I'll hang either plywood rips as the face of the soffit, or build and hang ladders made with metal studs.
If not too wide, drywall will span 24", 5/8's X to prevent sag. Cross the bottom w/1/2" ply, cover with 3/8's drywall.
Remodeling Contractor just outside the Glass City.
Quittin' Time
I read this thinking Cal will have some good ideas.
with that tight a fit ... wadda ya think about dropping it so the bottom of the drywall .. or what ever ... is right at the right height to run across the usual casing reveal.

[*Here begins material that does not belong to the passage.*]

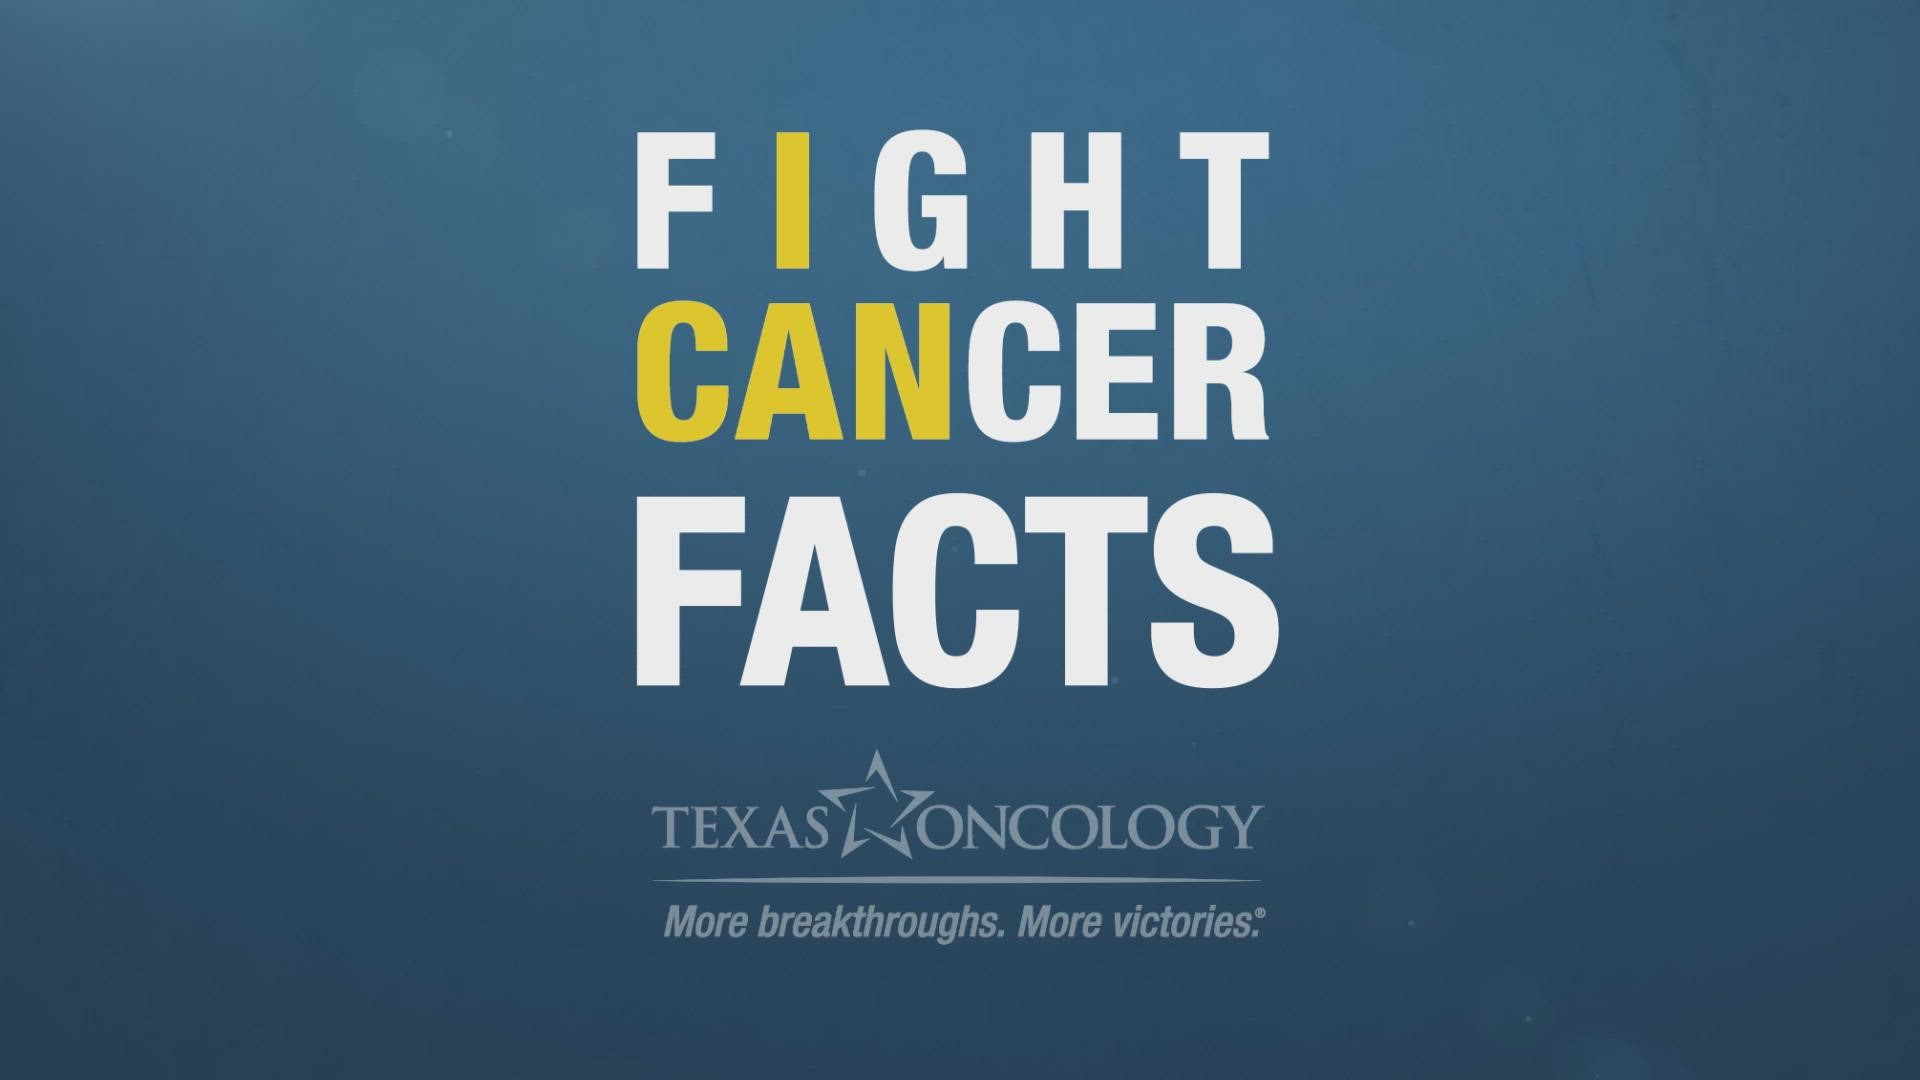 Local Texas Oncology doctor shares how surgery can be useful to diagnose cancer, determine its stage of development, and treat it.

That's what I'd shoot for.
Then .. just have 2 legs runni9ng down.
Jeff Buck Construction
Artistry In Carpentry
Pittsburgh Pa
What do you mean, "usual casing reveal"? Is that right above the door jamb? If so, I think that is my only option, in fact I am hoping I can do that instead of butting up against it. UGH!!! I posted some pictures in the previous reply if you care to take a look. They came out really big though. You have to scroll to get the whole pic.
This is great!!! I thought I would post this & probably wouldn't hear anything for days or longer. I am hoping to avoid metal studs. I have taken a couple pictures I have tried to attach to this reply. Hope it works just to give an idea of how little framing room I have to work with. The duct work goes out about 6' from the door to where I can nail some framing to the joist by about 4' wide. I am figuring on a double sliding door in front of the furnace & water heater. I need HELP!!!
That's a bad situation. I'm sure moving the ducts are out of the question, but that would be a good way to start.Otherwise, you are fighting for every 1/8" of an inch. See if you can get a 2X on the flat above the head of the door. Attach 3/8" rock to the bottom of the cleat (parallel to floor) and build the front of the soffit to return to it at 90 deg. Forget casing at the top. Just go with legs OR you might forgo casing entirely and use drywall wraps to the jambs.Good luck....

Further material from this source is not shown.